Keseyi ameliyatla kapatmak, atriyal fibrilasyon nedeniyle oluşan pıhtı riskini azaltmak için daha garanti bir yöntem olabilir mi?
Hayır. Tersine, teknik nedenlerden dolayı ameliyatla kesenin başarıyla kapatılma olasılığı daha düşüktür. Ayrıca, sadece bu amaçla ameliyat olmak ek riskleri beraberinde getirebilir.
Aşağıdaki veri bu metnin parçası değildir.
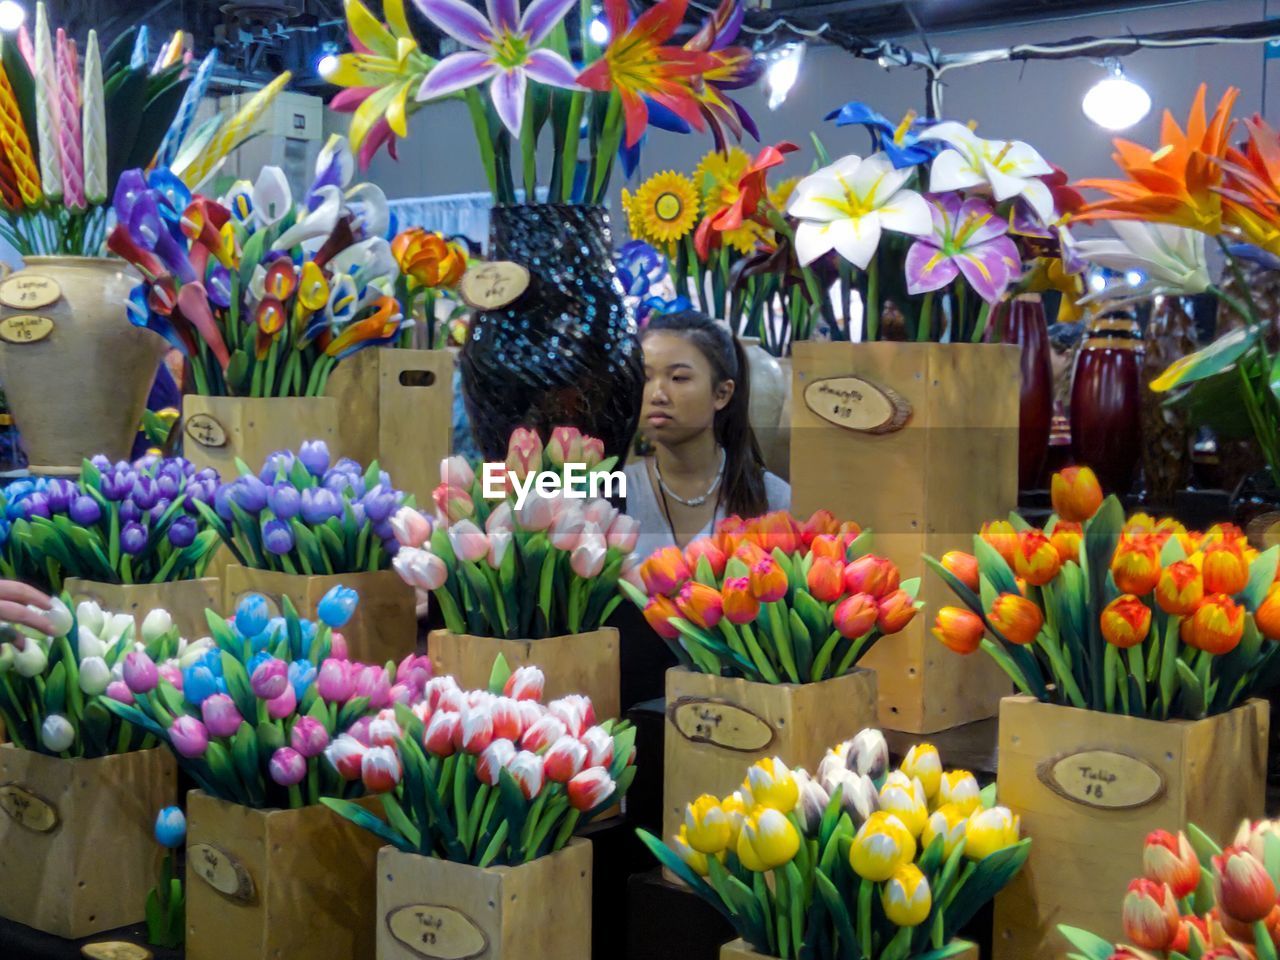 VARIOUS FLOWERS FOR SALE IN MARKET STALL

Eğer hasta başka bir nedenle kalp ameliyatı geçirecekse, o zaman kesenin ameliyat sırasında kapatılması daha mantıklı olabilir.
İşlem sonrası hastanede yatış süresi ne kadar?
Hastanede yatış süresi genellikle bir gündür ve çoğu hasta bir gün sonra taburcu edilir.
Kullanılan cihaz kaliteli mi?
Tüm dünyada olduğu gibi, ülkemizde de Amulet, LAmbre veya Watchman marka cihazlar kullanılmaktadır. Bu üçü de kaliteli cihazlardır ve birinin diğerine bilinen önemli bir üstünlüğü yoktur. Seçim genellikle doktorun hangi cihazda daha tecrübeli olduğuna ve hastanın LAA anatomisine bağlı olarak belirlenir.
İşlemden sonra kan sulandırıcı ilaç kullanmam gerekecek mi?
İşlemden sonra, genellikle ilk 2-3 ay boyunca iki farklı kan sulandırıcı ilaç kullanılacaktır. Daha sonra, bu iki ilaçtan biri kesilir ve diğeri 6. aya kadar tek başına devam edilir. Sonrasında, istisnai durumlar haricinde kan sulandırıcı kullanımına gerek duyulmaz.
Nasıl yani, işlemden sonra hâlâ kan sulandırıcı kullanmam gerekecek mi?
Halk arasında hepsi “kan sulandırıcı” olarak bilinse de, atriyal fibrilasyon için kullanılan ilaçlar, işlem sonrasında kullanılanlardan farklıdır. İşlem sonrası ilaçlar genellikle ömür boyu değil, genellikle 6 aylığına kadar kullanılır. Bu nedenle, hasta kan sulandırıcı ilaçlara bağlı kanama riskini ömür boyu değil, sadece ilk 6 aylık süre boyunca daha az riskle taşır. 6. aydan sonra kan sulandırıcı kullanılmadığı için ilaca bağlı kanama riski ortadan kalkar."
Astarcıoğlu ve Şen, konuşmanın sonunda şu ifadeleri kullandı: "Bu işlem, hastanemizde sıklıkla gerçekleştirmiş olduğumuz özel girişimlerden biridir, ve bu alandaki deneyimimizle hastalarımıza en iyi sağlık hizmetini sunmaya devam edeceğiz." Dedi.